→ WHAT YOU WILL DO:
Where a picture occurs in the data, omit it, and copy all remaining data exactly.

→ SOURCE MATERIAL:
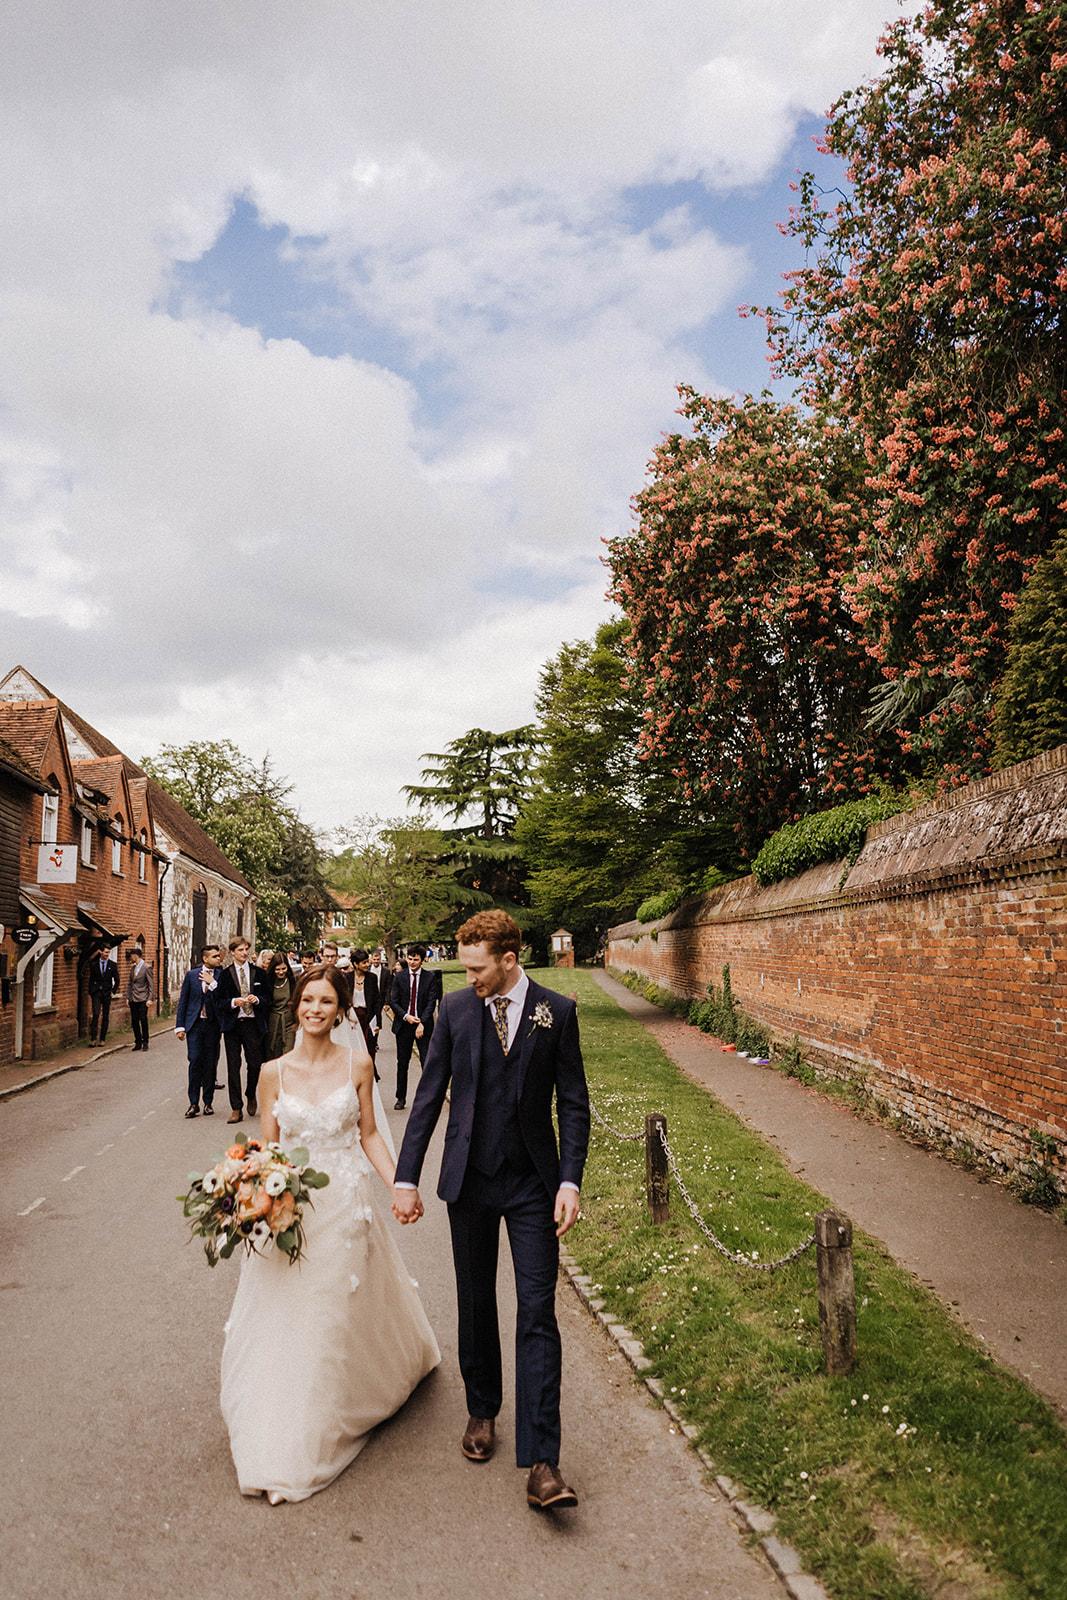 the-olde-bell-wedding-photography-jade-jonnie-219.jpg
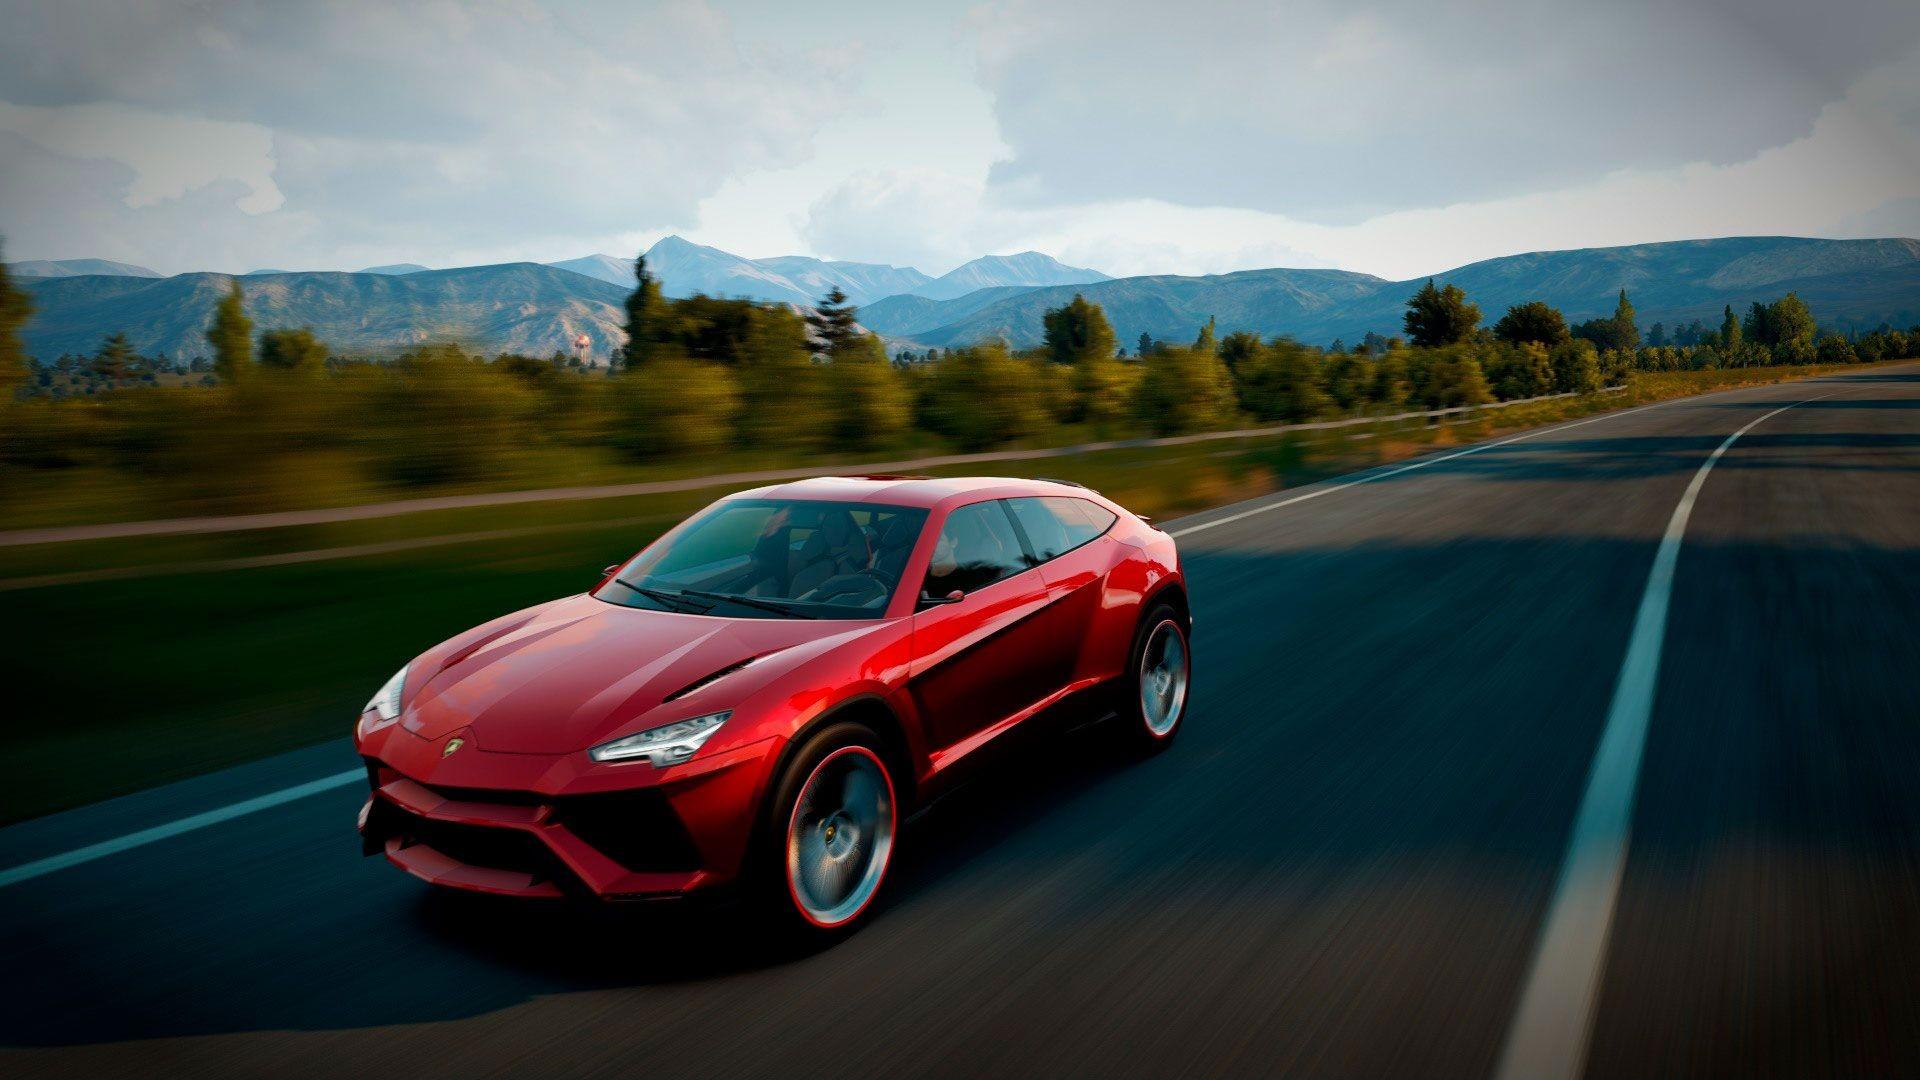 Lamborghini Veneno Wallpaper ·① Download Free Awesome Full
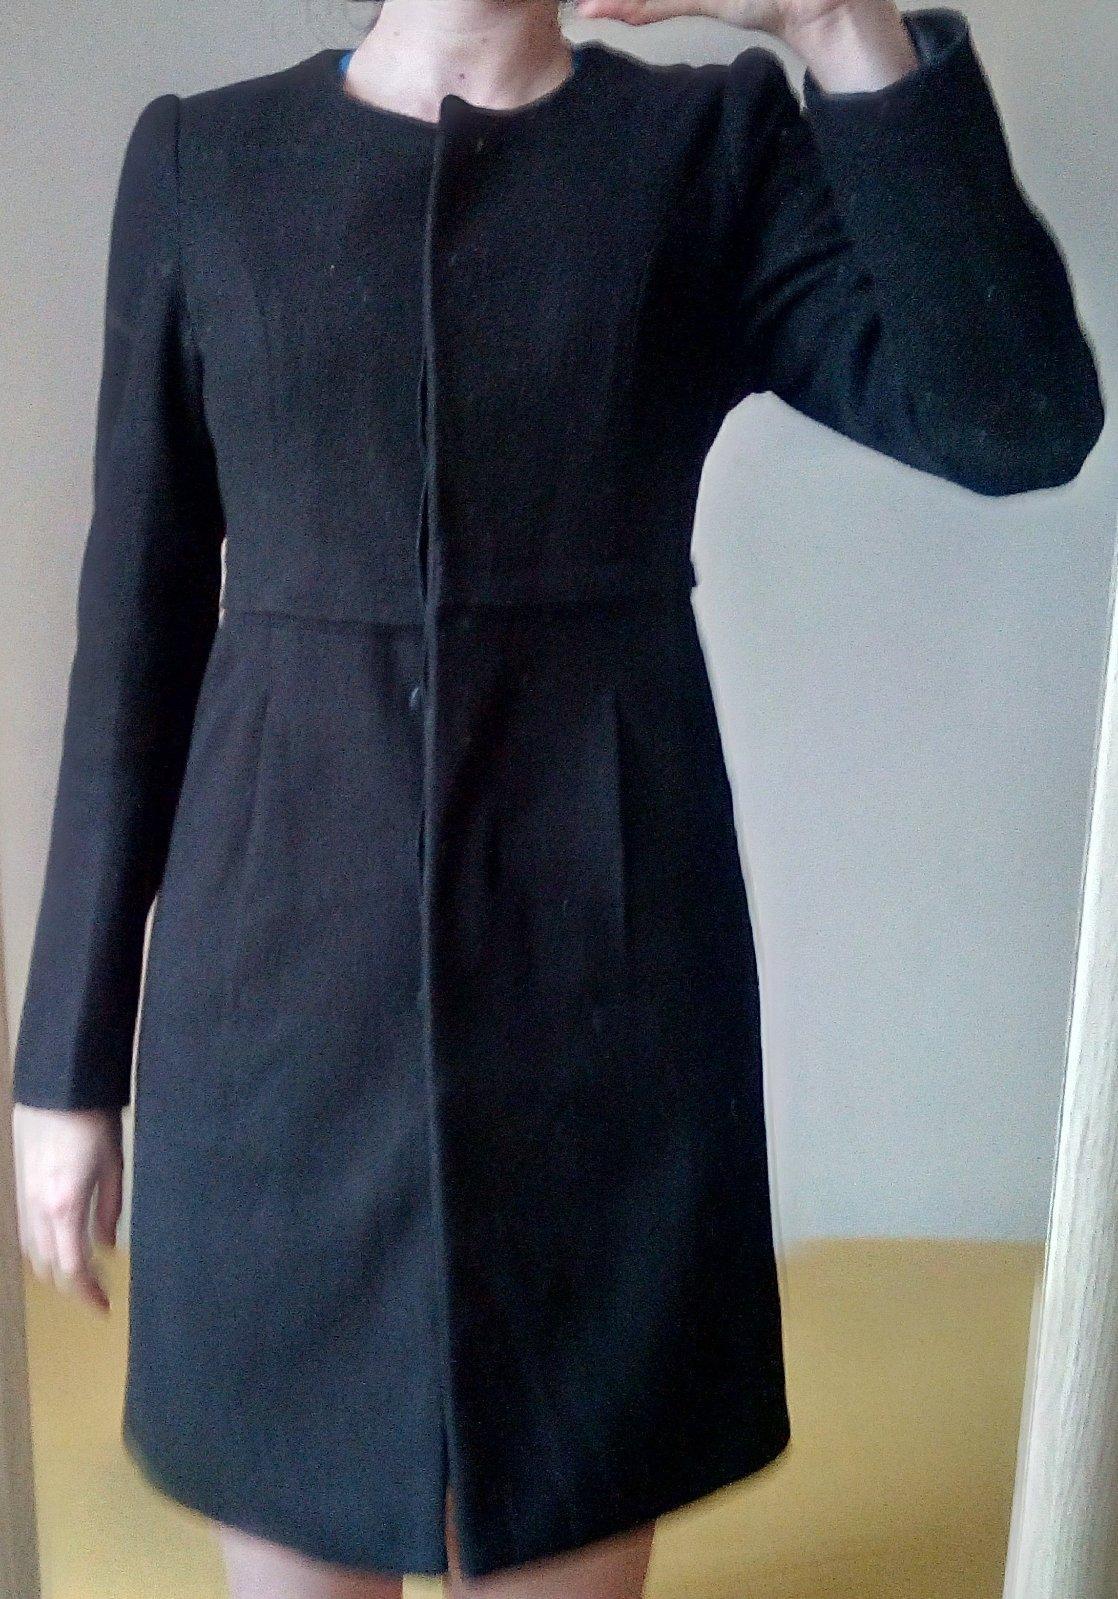 Čierny kabát/sako S - Obrázok č. 1

→ SOLUTION BELOW:
 the-olde-bell-wedding-photography-jade-jonnie-219.jpg
 Lamborghini Veneno Wallpaper ·① Download Free Awesome Full
 Čierny kabát/sako S - Obrázok č. 1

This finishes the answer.